Instead of focusing on present-day features, what will CMSs look like four years down the road? Rasmus Skjoldan, designer of Typo3 CMS, asked several experts about the future of web content management, and many CMS experts answered to this challenge, such as Karen McGrane and Janus Boye. Many of the experts mentioned the need for better experience management and content targeting, but also many other interesting views were mentioned.

The leading CMS publication, CMSWire, picked up the issue and wrote an article about the challenge. CMSWire seemed to like especially my predictions, but also other experts were quoted. CMSWire article: WCM Insights: What Web Content Management Will Look Like by 2017.

Here is my original prediction in full:

“I believe that the future of Web Content Management is more about moderation capabilities than about content management. It’s clear from today’s trends that we should have a system that helps us control, filter and moderate our content feeds from different sources. I believe that in the future our “content management system” will have dozens of different pieces (for photos, for videos, for publications, for people, for projects, for services) and the purpose of our “strategic web content management system” is more about moderating those different sources and streams between different sites than managing the master content for those services.

Another major feature set for our future “strategic web content management system” is going to be preview capabilities. We have to have a system that helps us understand the different content sets and how they are displayed in different devices and platforms. It makes sense to have a system that creates these “illusions of previews” so that we feel that we are in control of our “web experience” (as we like to call it in 2013). In short: I believe that the future of web content management is not about master content management, it is about moderation of streams and creating preview illusions.”

The background for my prediction is that I see a future where different social media platforms become ever more strategic places to store, publish and interact with our content. We can then compile our “web content management system” from these different pieces. I think that many groups and organisations already do this in a smaller scale when they use SlideShare to publish their presentations, Flickr to publish their images, YouTube to publish their videos and WordPress.com to publish their blogs (blogs which mainly just embed content from those other services).

Our websites will become more like “hubs” that just enable easy browsing and searching through content that is actually stored in many different places.

This kind of development will require more capabilities to manage and moderate the streams from different services. Therefore I think that one key role for CMSs will be giving us these moderation capabilities.

In addition, we need better capabilities to preview how our content items and streams will appear in different devices.
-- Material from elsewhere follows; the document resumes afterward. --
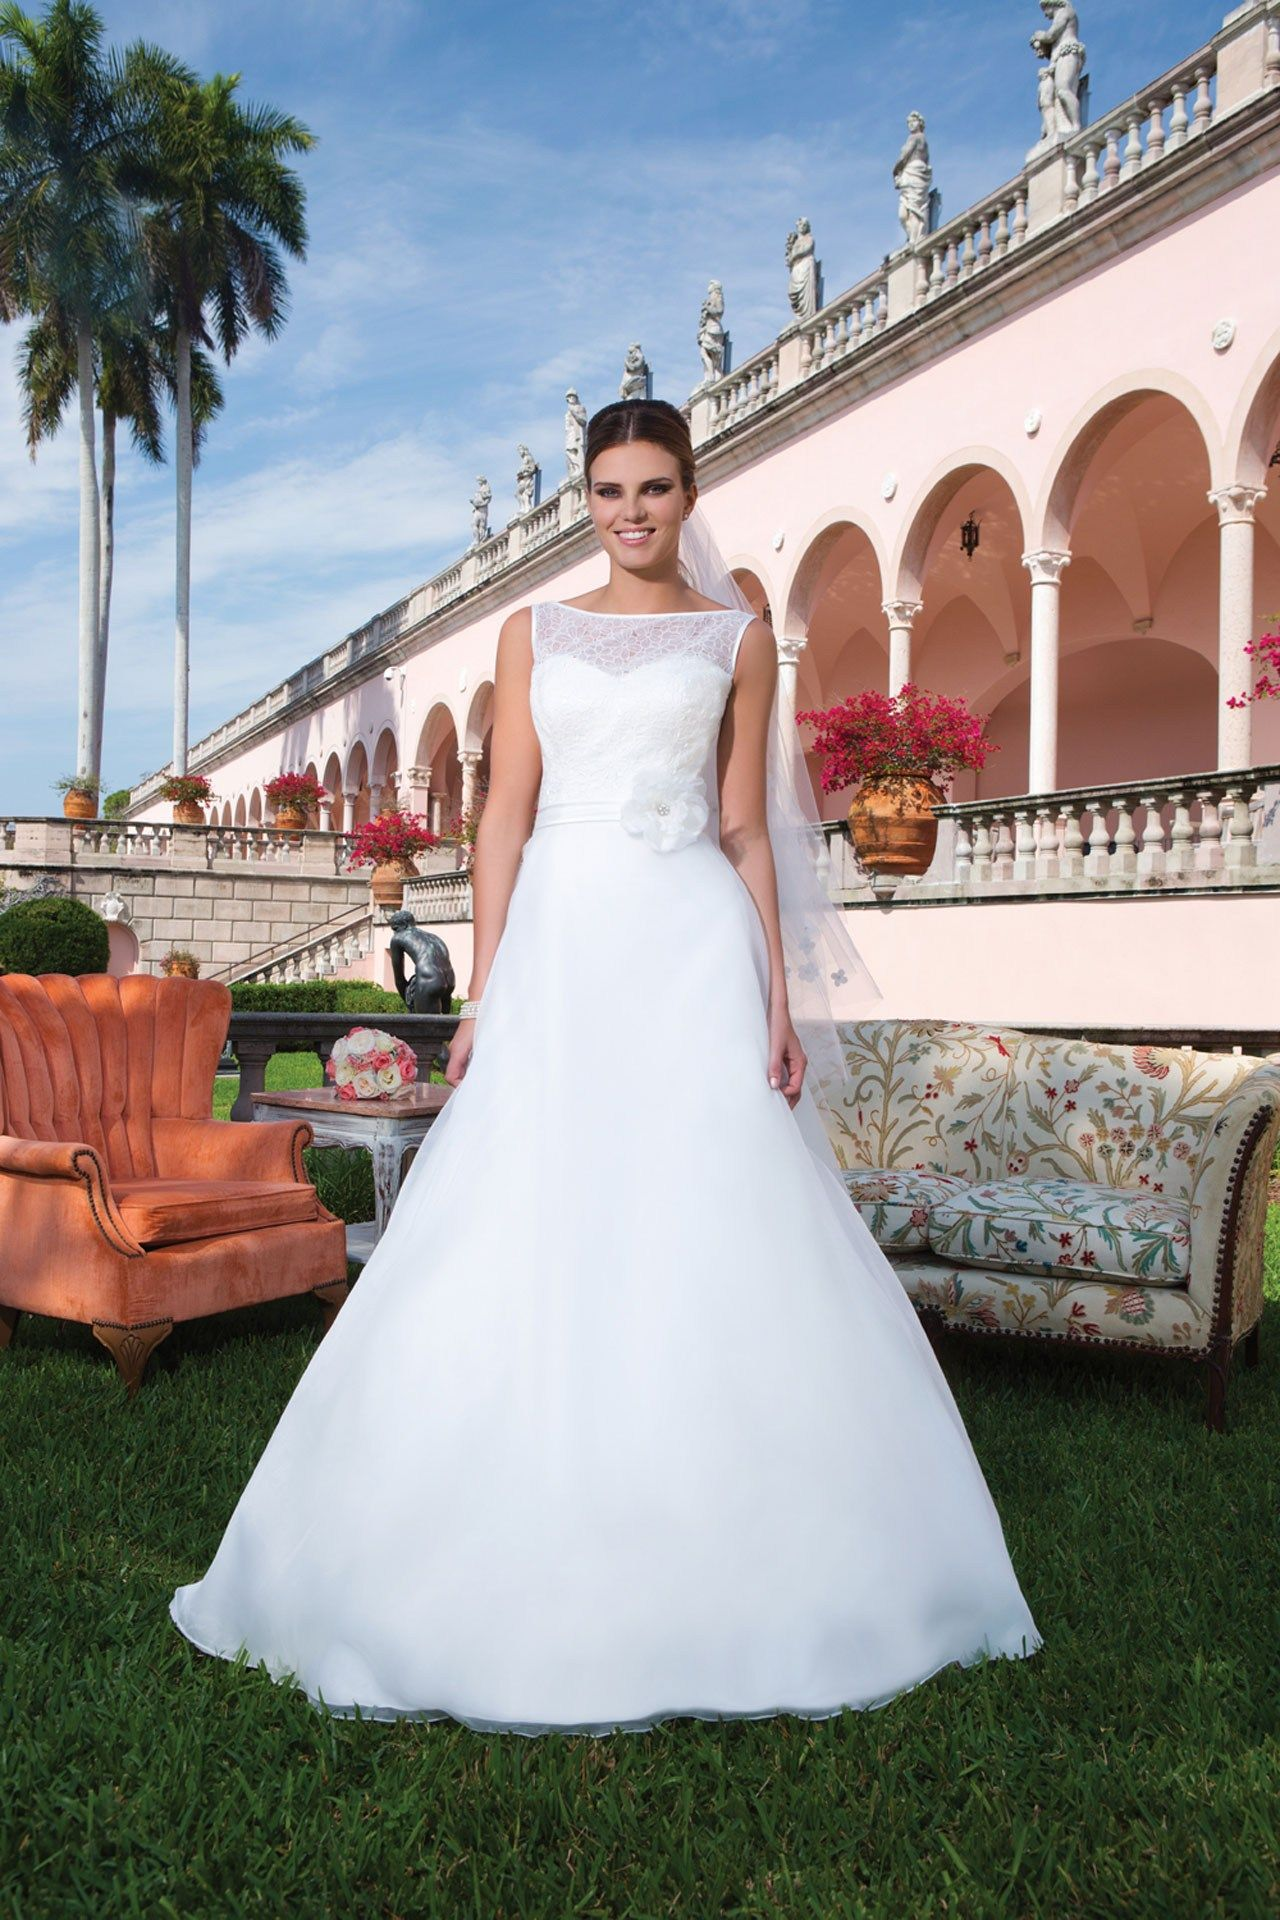 Wedding dress inspiration ideas for wedding dresses UK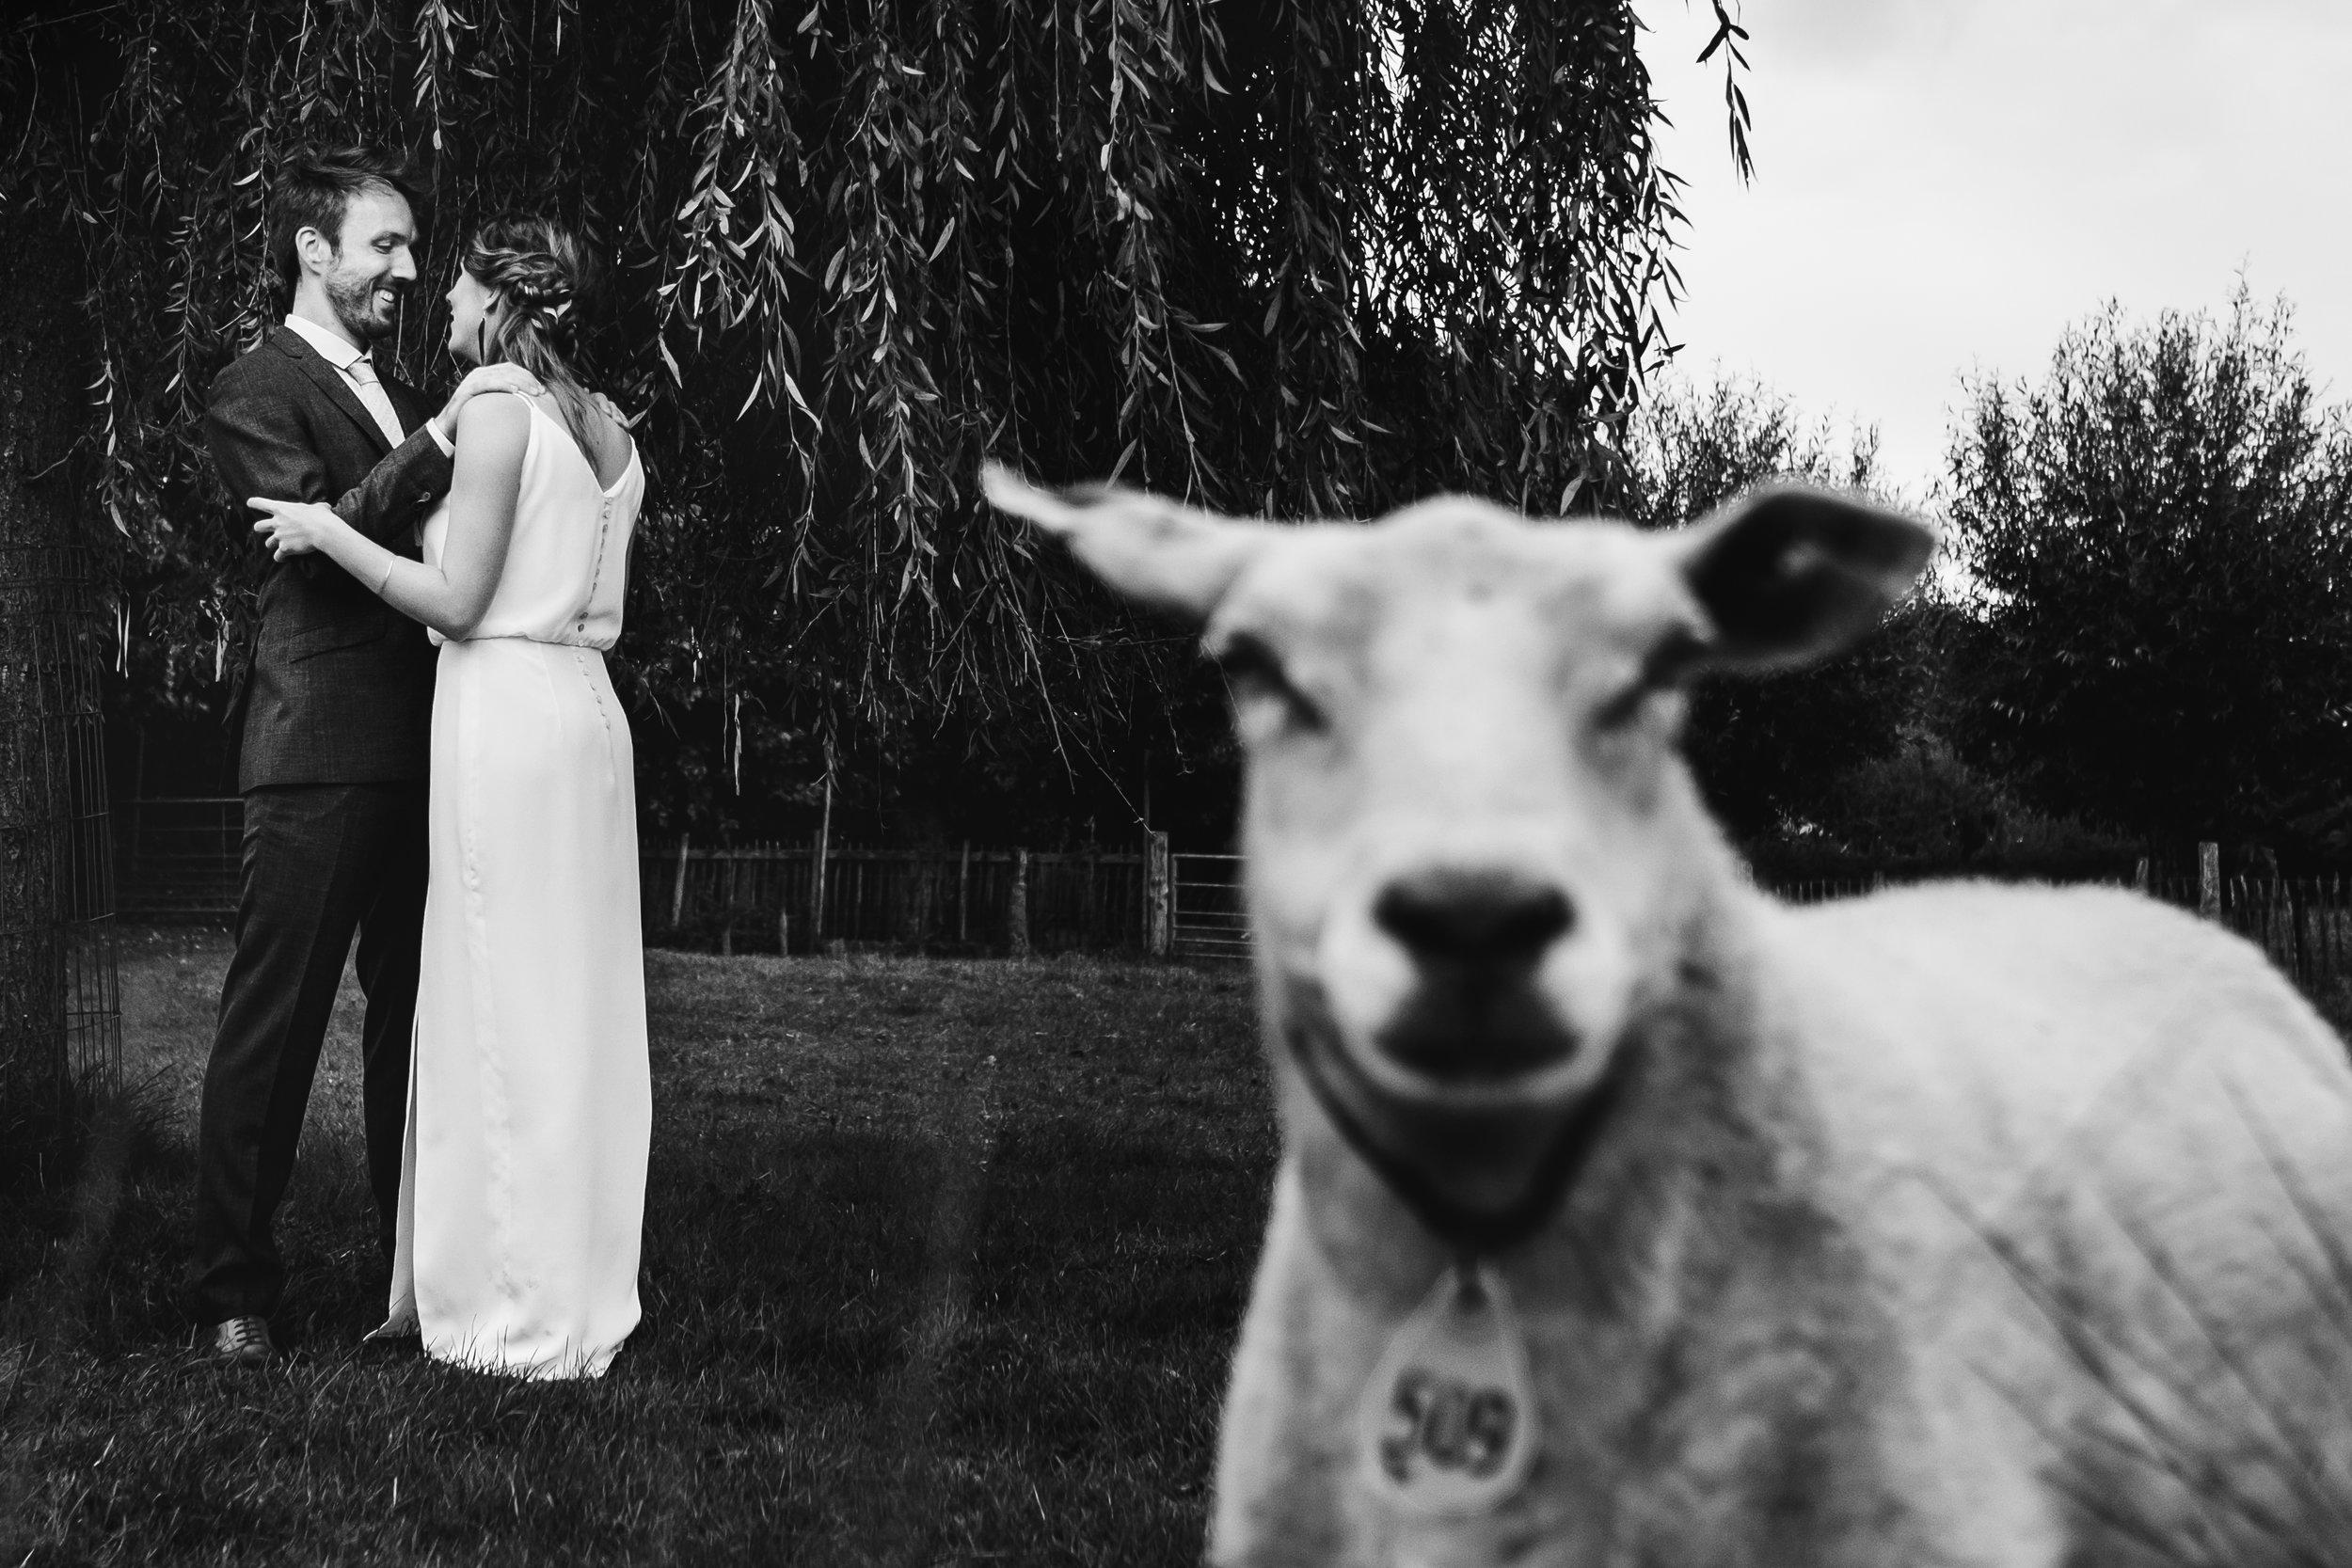 sheep on wedding photo

This smarter previewing will definitely be the biggest challenge, but those smarter previews will also be a key factor in understanding how our streams work together.

Together with stream management capabilities and better previews we have our new core elements of the CMS of 2017.

Karen McGrains’s prediction is actually pretty well aligned with my prediction. Karen just expresses her view a little bit more traditionally, emphasising that the content storage place should still be the CMS – but the CMS would just be more simpler and would be more of a back-end system than active publishing system.

Personally I really like Karen’s prediction since it would make sense for many of my clients. But I fear that this kind of development is not really what CMS developers are aiming – at least not when it comes to commercial products. Big products want to become even bigger. It will be hard fight if we want to convince clients to demand less. But it still makes it a worthy goal.

Karen’s prediction in full:

“In the next 3-5 years, I think two key trends will dominate the CMS space. First, organizations will realize that WCMS doesn’t always support true multi-channel publishing. They will need to invest in new systems to decouple the authoring and storage layer from the presentation and publishing layer. This might mean adding in middleware, developing new APIs or even choosing an entirely new CMS. Second, as a result of decoupling, organizations will also recognize that they can focus on improving the author experience separate from the front end. This will change the way organizations think about creating structured content, because the content model and author experience won’t be designed for a specific output format—the content will be expected to serve multiple presentations. Organizations will be able to afford to refine the author experience, because they won’t have to throw out all that work every time they redesign the front end.”

The future of CMSs is looking pretty interesting. In four years we will see who had the best crystal ball.